Artikel 4b. Uitbreiding definitie rentebetaling

  • 1 Voor de toepassing van deze afdeling wordt onder rentebetaling mede verstaan:

    • a. de rente die is aangegroeid of gekapitaliseerd op het moment van de verkoop, de terugbetaling of de aflossing van de schuldvordering;

    • b. inkomsten uit rentebetalingen als bedoeld in artikel 4a, eerste lid, onderdeel a, en dit lid, onderdeel a, indien deze rechtstreeks of via een uitbetalende instantie als bedoeld in artikel 4d, worden uitgekeerd door een collectieve beleggingsinstelling;

    • c. inkomsten die zijn gerealiseerd bij de verkoop, terugbetaling of aflossing van aandelen of bewijzen van deelneming in een collectieve beleggingsinstelling, indien een dergelijke instelling rechtstreeks of via een andere dergelijke instelling meer dan 15% van zijn vermogen belegt in schuldvorderingen.

  • 2 Voor de toepassing van dit artikel wordt onder collectieve beleggingsinstelling verstaan:

    • a. een icbe;

    • b. een entiteit die gebruik mag maken van de keuzemogelijkheid van artikel 4e, of een overeenkomstige keuzemogelijkheid in de lidstaat van vestiging;

    • c. een instelling voor collectieve belegging die is gevestigd buiten het grondgebied waarop artikel 299 van het Verdrag tot oprichting van de Europese Gemeenschap van toepassing is.

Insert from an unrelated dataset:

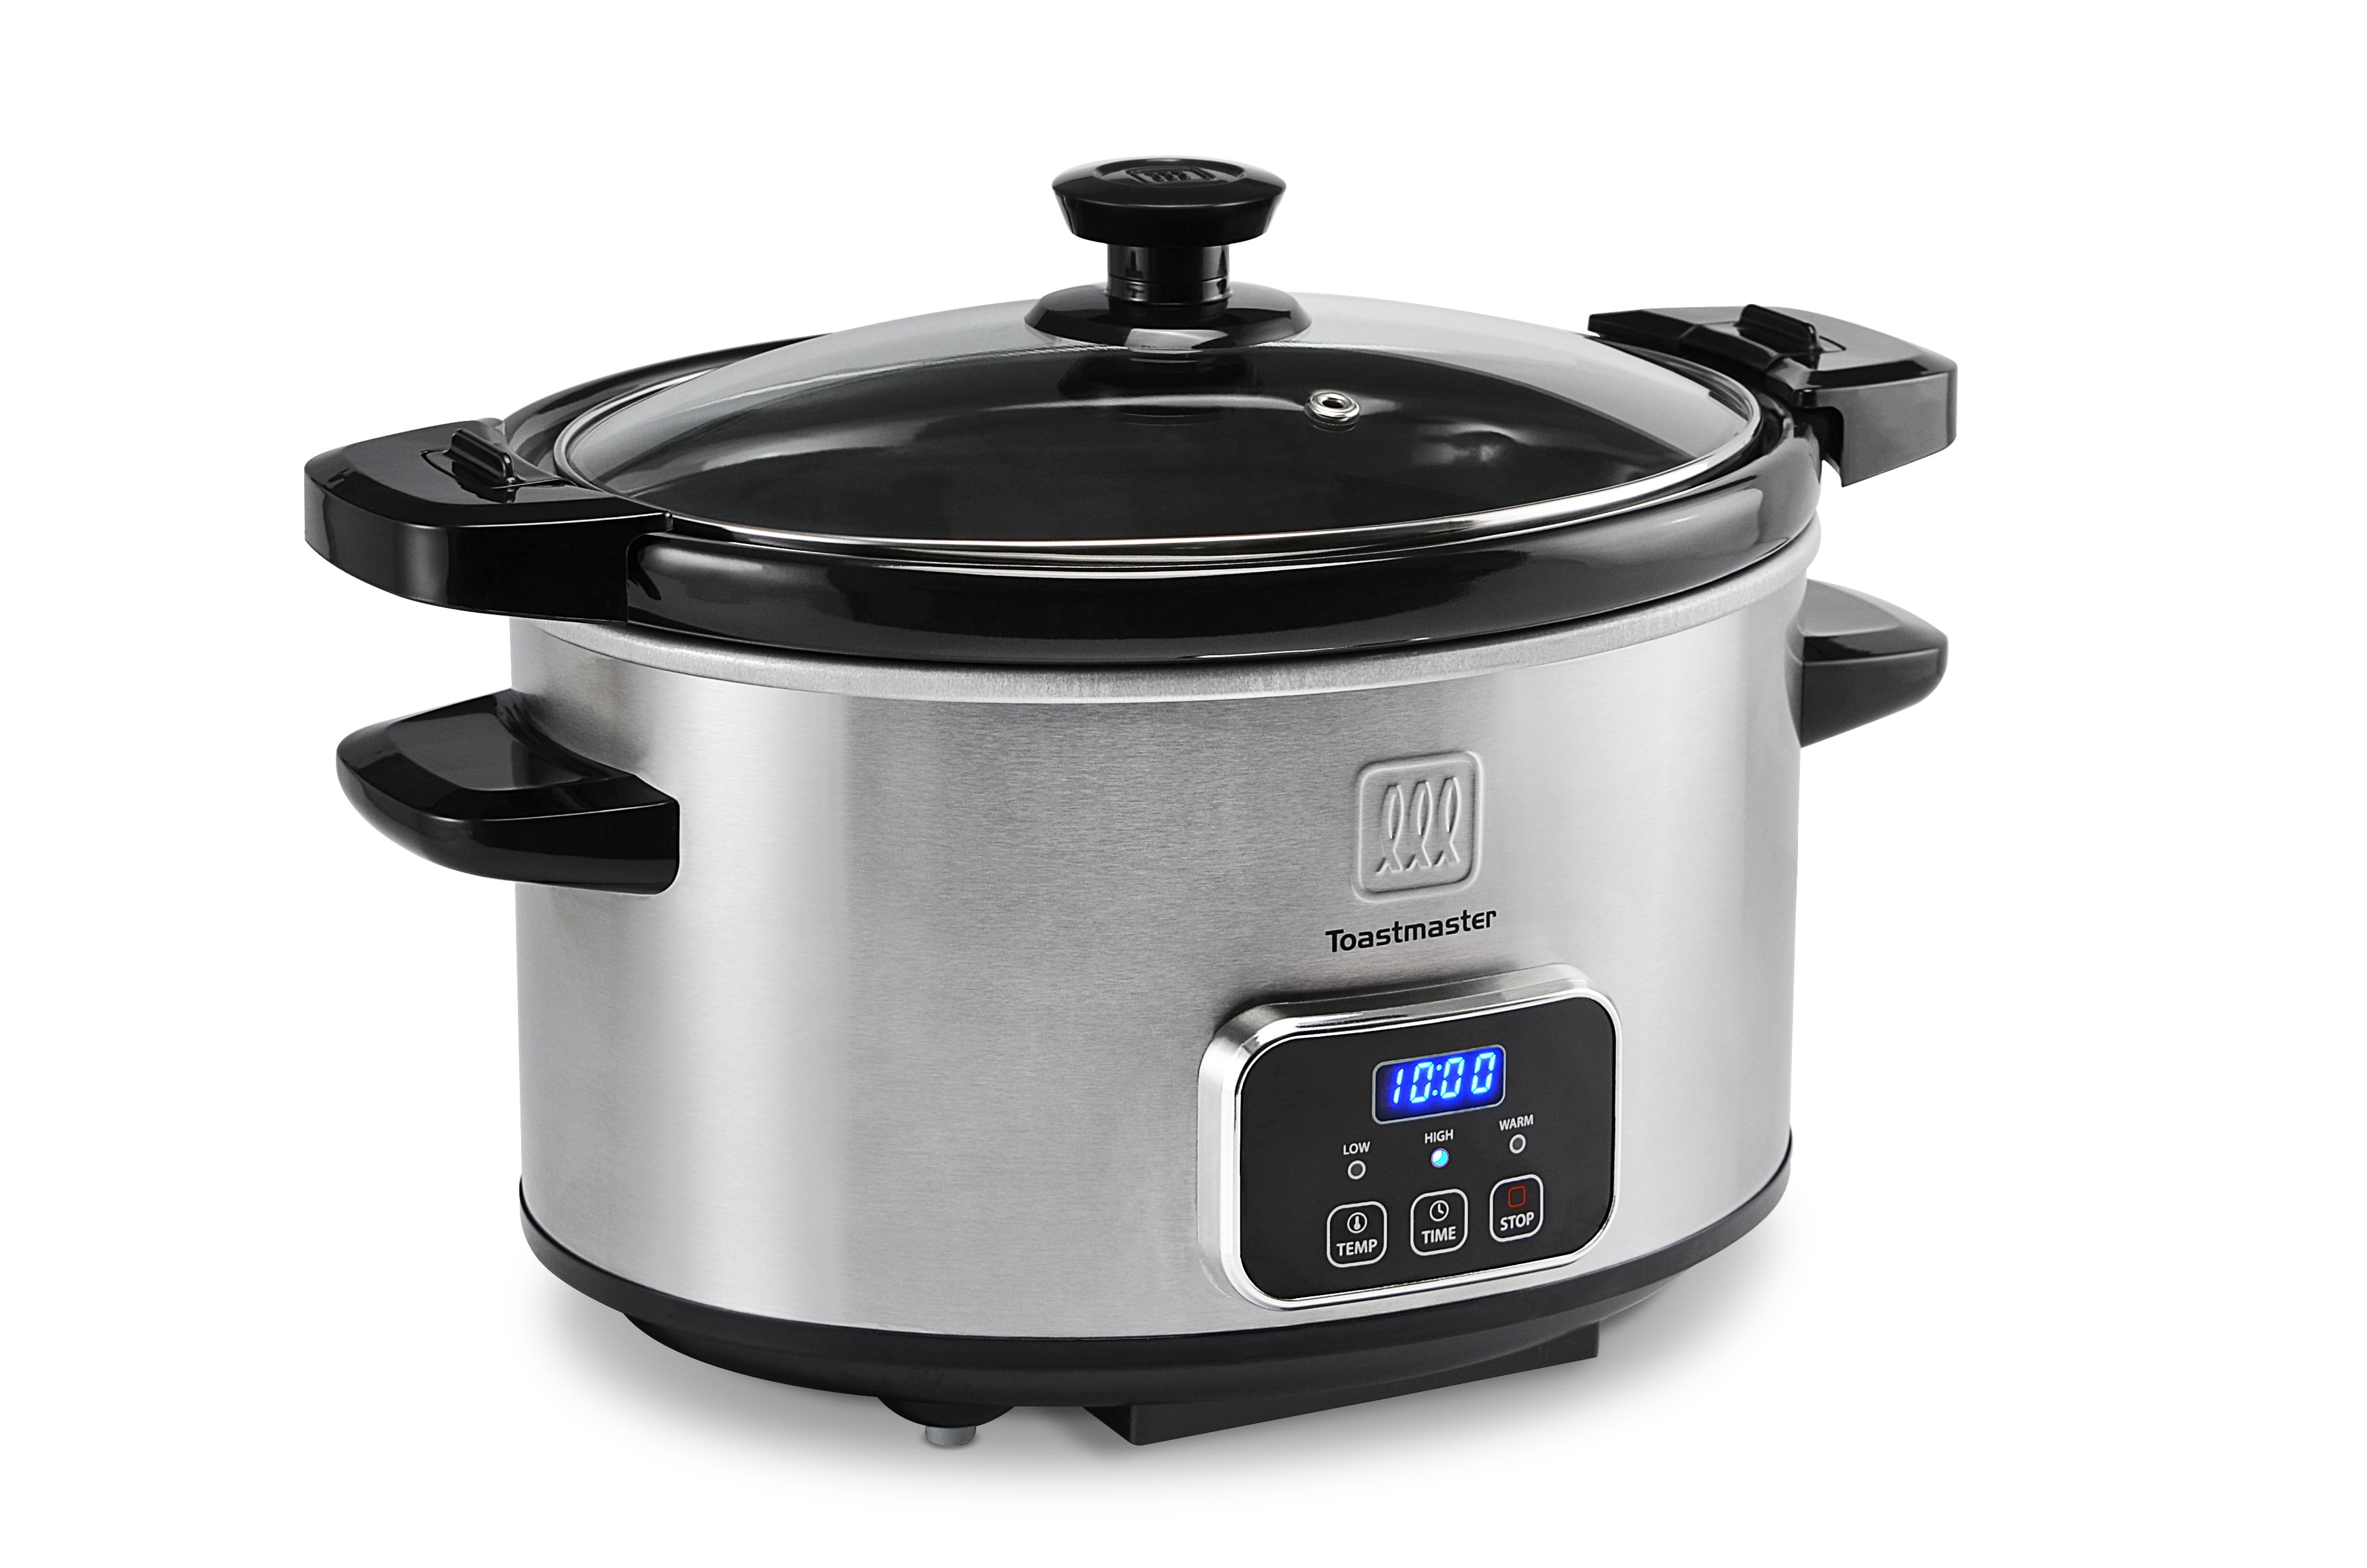 Toastmaster 4-Quart Digital Slow Cooker with Locking Lid (Graphite)

  • 3 De inkomsten, bedoeld in het eerste lid, onderdeel c, worden slechts als rentebetaling aangemerkt voorzover deze rechtstreeks of middellijk afkomstig zijn van rentebetalingen als bedoeld in artikel 4a, eerste lid, onderdeel a, en dit artikel, eerste lid, onderdeel a.

  • 4 Indien een uitbetalende instantie met het oog op de toepassing van het eerste lid, onderdelen b en c, geen informatie heeft over het deel van de inkomsten dat voortkomt uit rentebetalingen, bedoeld in die onderdelen, wordt het volledige bedrag aan inkomsten als rentebetaling aangemerkt.

  • 5 De inkomsten, bedoeld in het eerste lid, onderdeel b, worden, indien deze afkomstig zijn van een in Nederland gevestigde collectieve beleggingsinstelling niet als rentebetaling aangemerkt indien blijkt dat de beleggingen in schuldvorderingen rechtstreeks of via een andere dergelijke instelling of entiteit niet meer dan 15% van het vermogen van de desbetreffende instelling of entiteit uitmaken.

  • 6 De percentages, bedoeld in het eerste lid, onderdeel c en het vijfde lid, worden bepaald aan de hand van de beleggingspolitiek zoals die in het fondsreglement of de statuten van de betrokken collectieve beleggings-instelling is neergelegd, en bij het ontbreken daarvan op basis van de feitelijke samenstelling van de beleggingsportefeuille van de instelling.

  • 7 Indien een uitbetalende instantie met het oog op de toepassing van het eerste lid, onderdeel c, geen informatie heeft over het percentage van het vermogen dat is belegd in schuldvorderingen, wordt dat percentage geacht meer dan 15% te bedragen.

  • 8 Indien een uitbetalende instantie met het oog op de toepassing van het eerste lid, onderdeel c, het bedrag van de door de uiteindelijk gerechtigde gerealiseerde inkomsten niet kan bepalen, worden die inkomsten geacht de opbrengst van de verkoop, aflossing of terugbetaling van de aandelen of bewijzen van deelneming te zijn.

Artikel 4c. Tijdelijk uitgezonderde schuldvorderingen

  • 1 Binnenlandse en internationale obligaties en andere verhandelbare schuldinstrumenten die voor het eerst zijn uitgegeven vóór 1 maart 2001 of waarvan het oorspronkelijke emissieprospectus vóór die datum is goedgekeurd door de bevoegde autoriteiten in de zin van de richtlijn nr. 80/390/EEG van de Raad van de Europese Gemeenschappen van 17 april 1980 tot coördinatie van de eisen gesteld aan de opstelling van, het toezicht op en de verspreiding van het prospectus dat gepubliceerd moet worden voor de toelating van effecten tot de officiële notering aan een effectenbeurs (Pb EG L 100) of door de verantwoordelijke autoriteiten in landen buiten de Europese Unie, worden niet aangemerkt als schuldvorderingen.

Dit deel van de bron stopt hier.